Core Concepts
The author explores the impact of hyperparameters on neural network training dynamics, revealing distinct regimes and their dependence on data size.
Abstract
The content delves into the different phases of stochastic gradient descent (SGD) in deep learning. It discusses how noise, batch size, and learning rate affect the training process and generalization error. The study provides insights into critical batch sizes, alignment dynamics, and performance variations in SGD across different architectures and datasets.
Key points include:
SGD's key hyperparameters are batch size (B) and learning rate (η).
Different regimes of SGD include noise-dominated, first-step-dominated, and gradient descent.
The critical batch size B* separates these regimes based on the training set size P.
The alignment between network output and labels is crucial for performance.
Small margin κ leads to lazy regime behavior while large margin κ requires weight inflation.
Effects of momentum, adaptive learning rates, and weight decay on SGD performance are discussed.

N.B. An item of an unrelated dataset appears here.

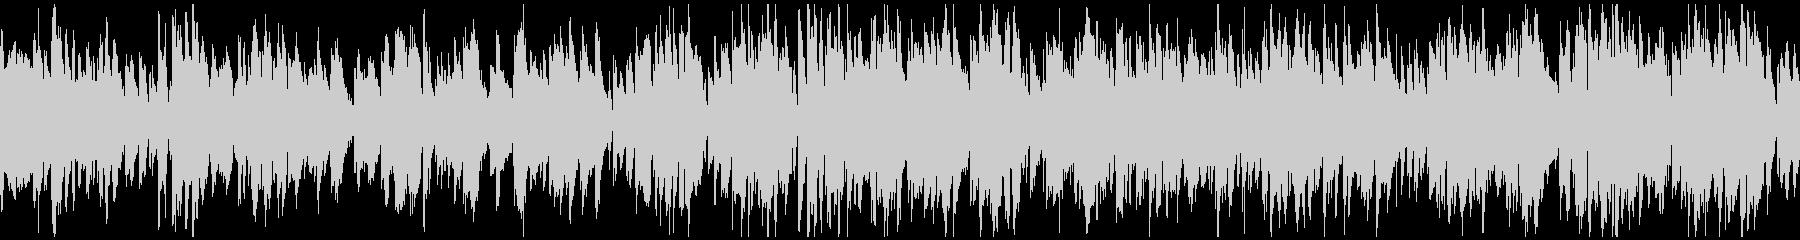 明るい軽快なテンポ感のジャズ ※ループ版の未再生の波形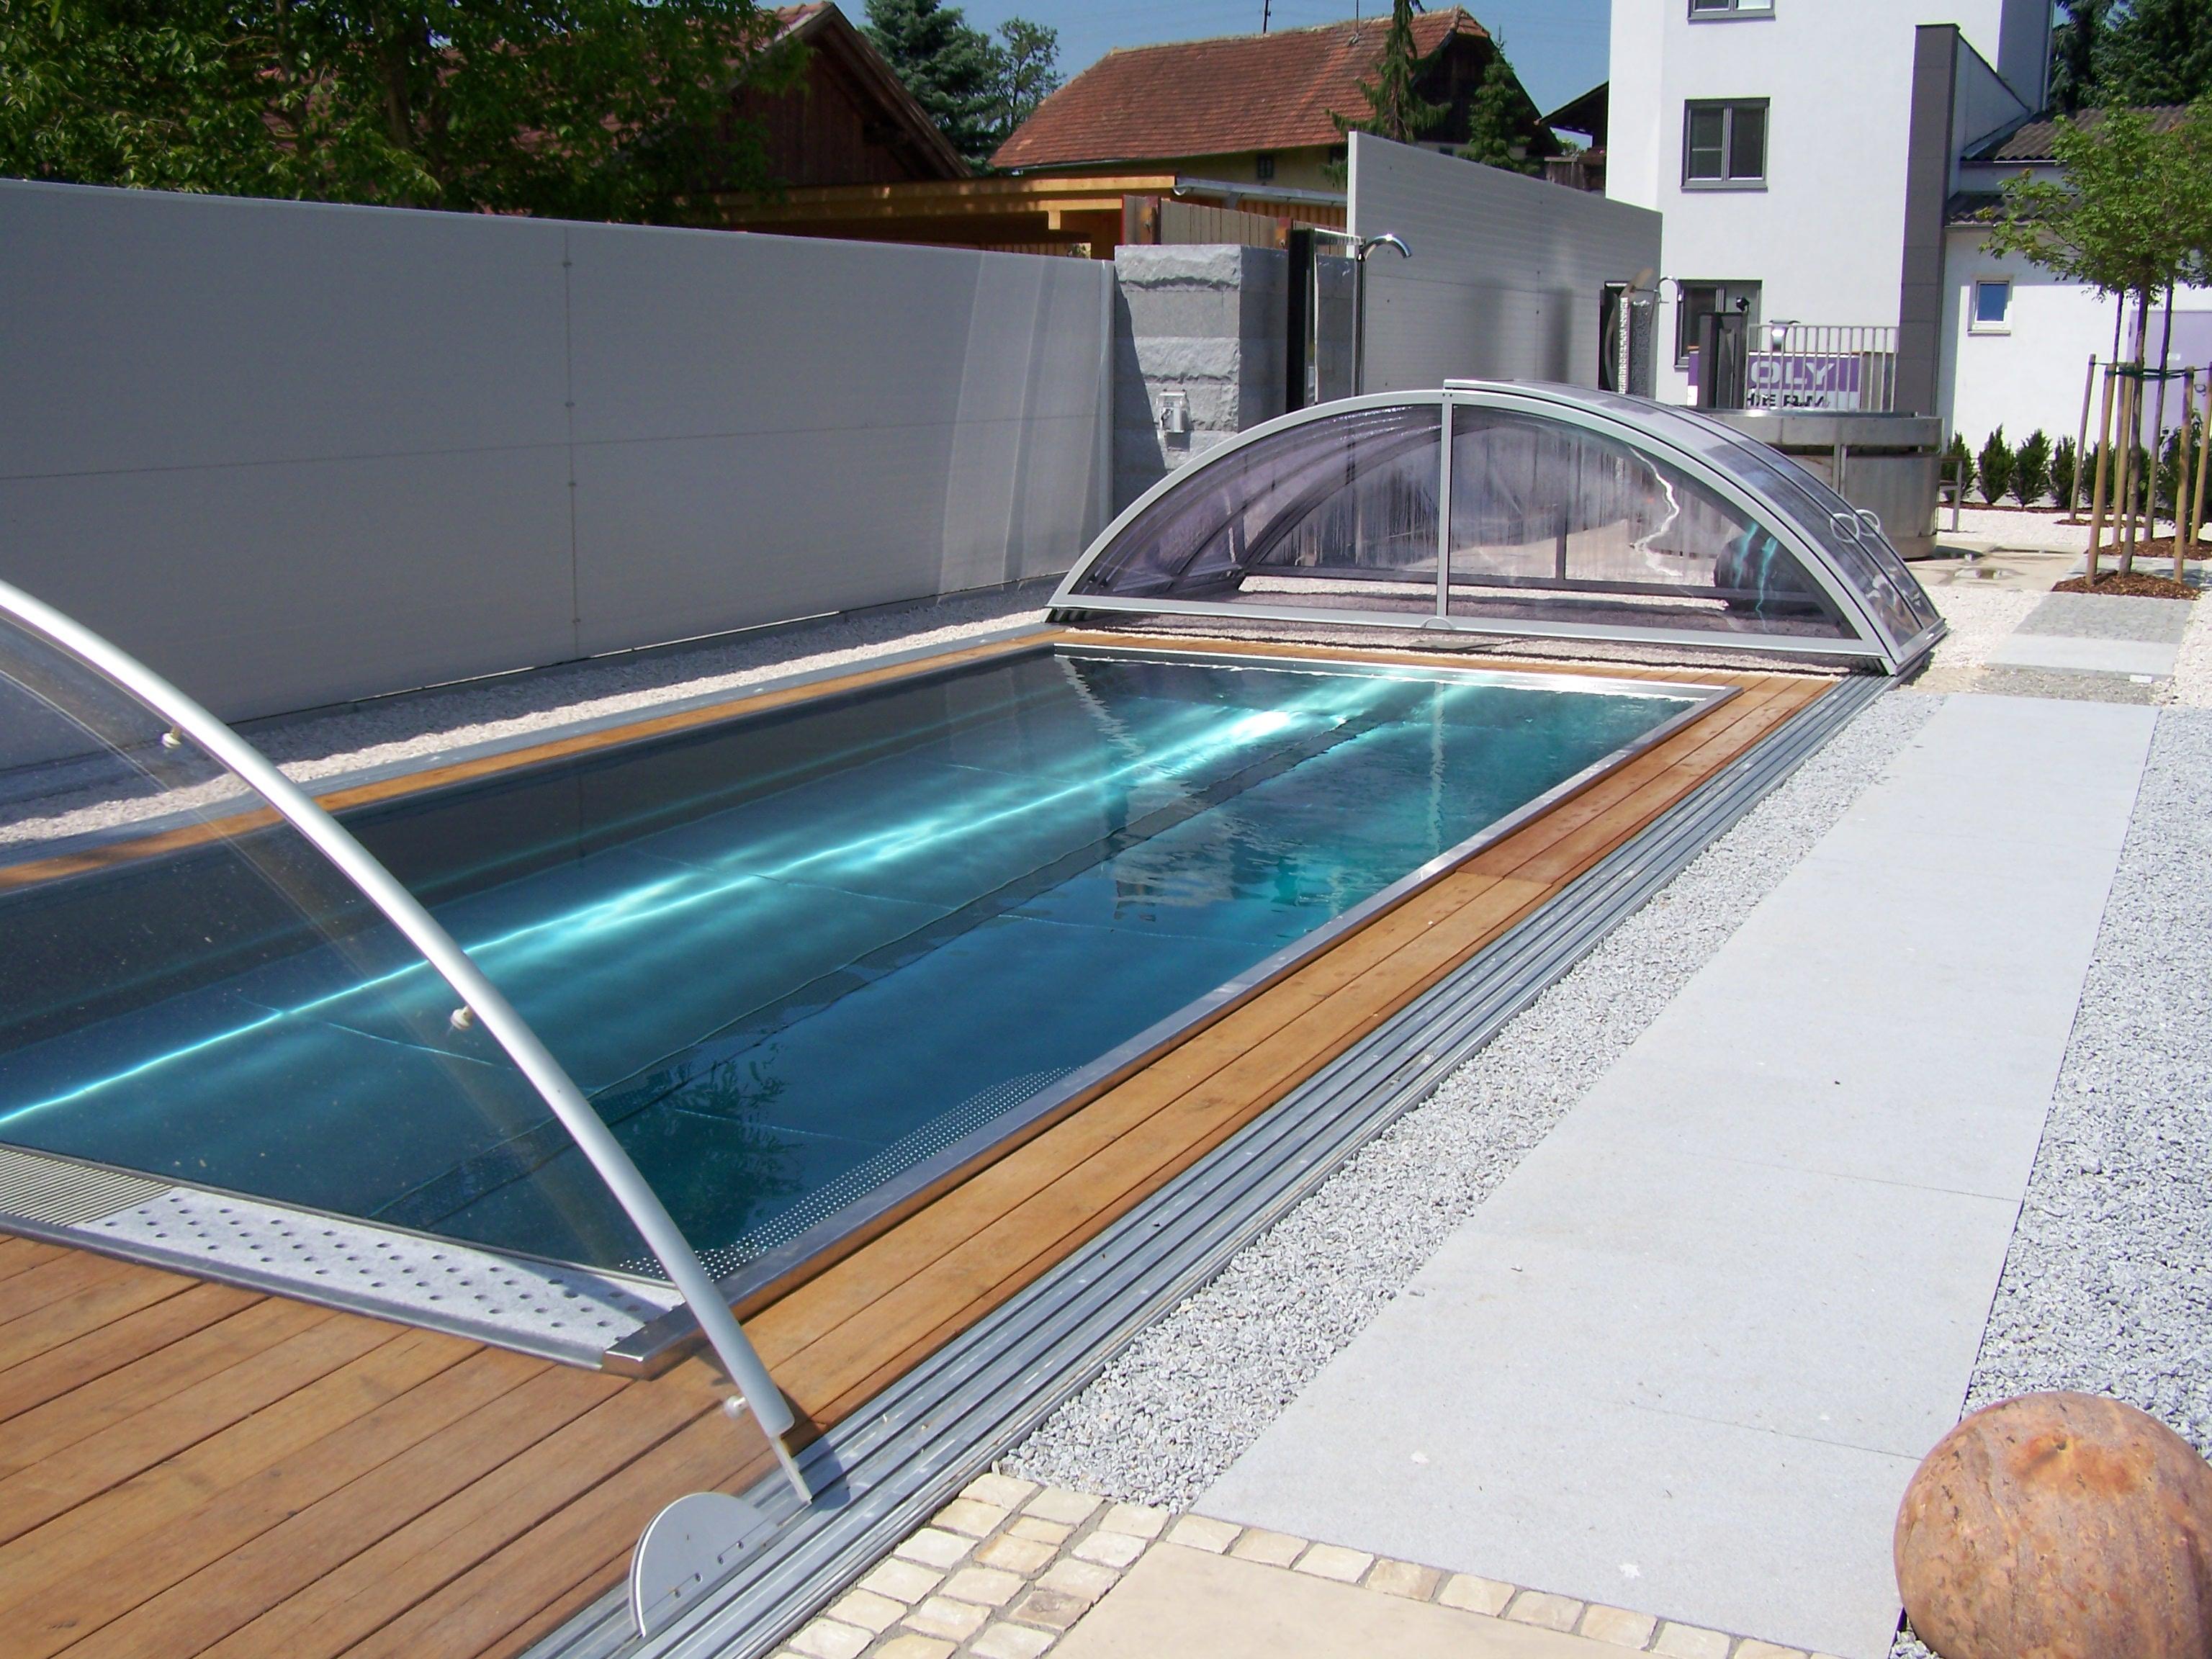 Zwembad overkappingen startpagina voor tuin idee n uw for Zwembad tegels

The study emphasizes the importance of understanding how hyperparameters influence neural network training dynamics to improve performance.
Stats
For small batches and large learning rates: ∥w⊥∥ ∼ T.
Critical batch size separating regimes: B* ∼ P γ.
Quotes
"The success of deep learning contrasts with its limited understanding."
"Our results explain the surprising observation that these hyperparameters strongly depend on the number of data available."